Fierce Healthcare: (1/26) – Calls are mounting among industry and legislators for a federal investigation into potential price gouging by nurse staffing agencies that have found their services in high demand throughout the COVID-19 pandemic. Tuesday, a bipartisan group of almost 200 lawmakers penned a letter to White House COVID-19 Response Team Coordinator Jeffrey Zients asking the official “to enlist one or more” federal agencies to open an investigation into potential anti-competitive activity or violation of consumer protection laws.
Fierce Healthcare: (1/26) – The number of accountable care organizations participating in the Medicare Shared Savings Program (MSSP) modestly increased to 483 this year compared with 477 for 2021, sparking new worries from advocates over the future of the program. But the number of beneficiaries who are cared for by an ACO continues to grow. As of Jan. 1, 2022, more than 11 million Medicare beneficiaries get care from a provider in an MSSP ACO, up by 340,000 (3 percent) from 2021, CMS' analysis said.
Fierce Healthcare: (1/25) – A Wisconsin judge has lifted a temporary restraining order that prevented Ascension from hiring seven technicians and nurses previously employed at ThedaCare, an eight-hospital system that said losing the staff would impede its trauma victim care.

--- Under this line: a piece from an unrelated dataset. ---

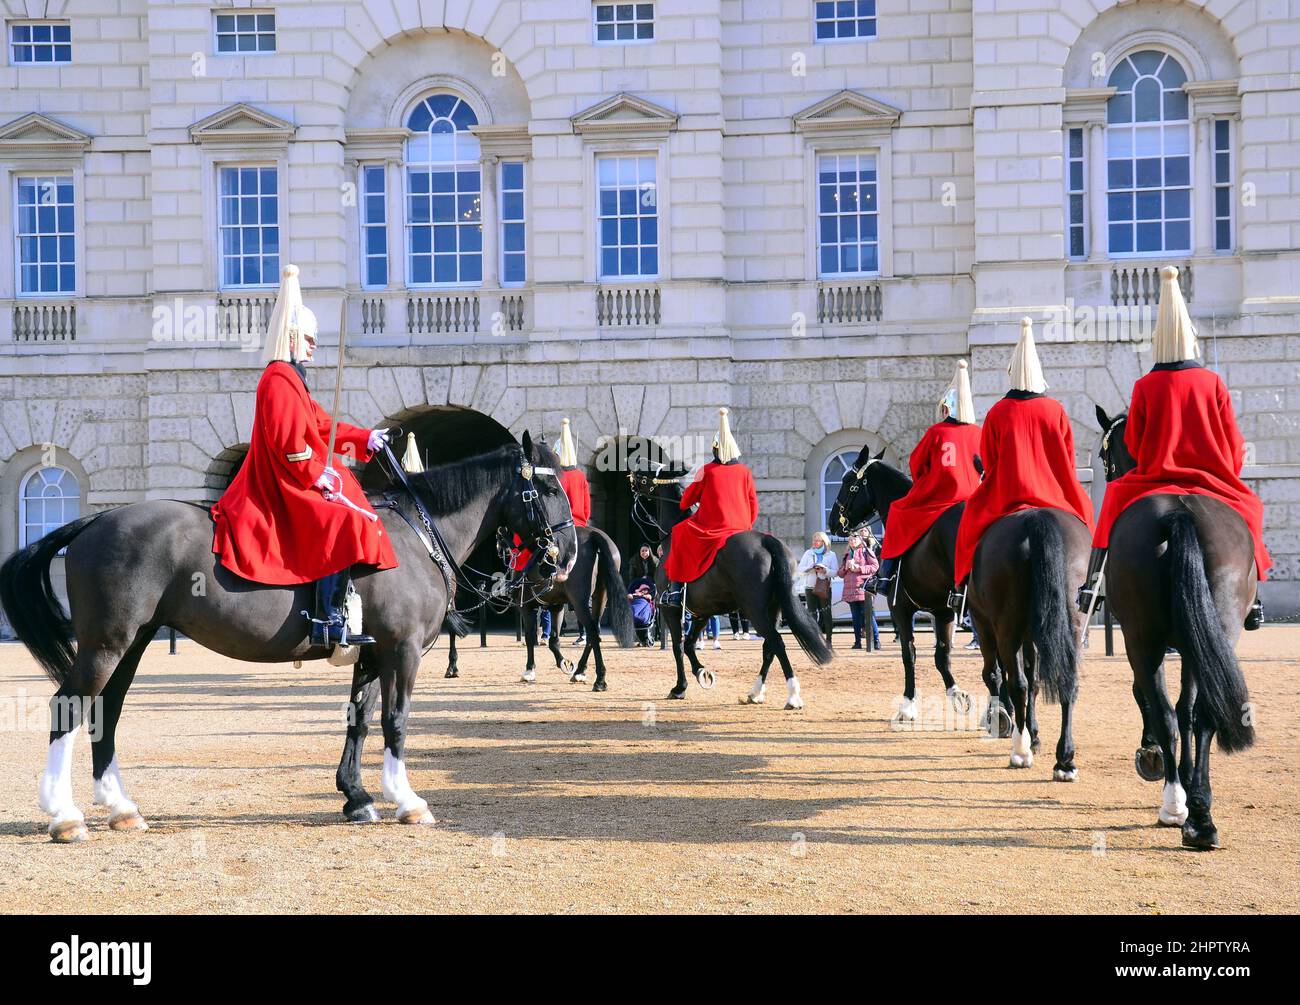 La cérémonie de changement de la Queen's Life Guard à l'occasion de la parade des gardes à cheval, Londres, Royaume-Uni. Soldats du Régiment à cheval de cavalerie de la maison, gardes de vie. Banque D'Images

ThedaCare initially told a county circuit court judge that Ascension had recruited the majority of its interventional radiology and cardiovascular team and “set the stage for their simultaneous departure.”
Modern Healthcare: (1/25) – KPMG surveyed more than 300 health care executives and found that 70 percent expect to increase their merger and acquisition activity this year. More than half of private equity investors in those sectors reported they plan to participate in at least 10 percent more deals than during 2021, a year heavily impacted by the ongoing COVID-19 pandemic.According to KMPG, there were 1,839 healthcare and life sciences deals in 2021, up 13.7 percent from 2020 and 19.2 percent from 2019, the year before the pandemic began. Deals per quarter averaged 460 in 2021 compared with 405 in 2020 and 385 in 2019.
Axios: (1/25) – Mass General Brigham must submit a plan to lower rising costs that stem from the hospital system's expensive care, the Massachusetts Health Policy Commission said. Mass General Brigham — the dominant, tax-exempt academic hospital organization in Massachusetts with $16 billion of annual revenue — has the highest prices in the state.The system's market power has led to residents paying a lot more in health insurance premiums and taxes, and that higher spending "raises significant concerns" and is "likely to continue to impact the state's ability to meet" a benchmark of lower cost growth, the commission said.
Milbank Memorial Fund: (1/24) – In 1981, researchers developed a model that breaks down the concept of primary care access into five factors: availability of primary care clinicians; geographic access; appointment availability and hours; affordability; and comfort and communication between patient and clinician. The authors of this report reviewed the research literature to assess the evidence supporting whether policy initiatives targeting primary care access in each of these five dimensions have been effective in reducing health care disparities.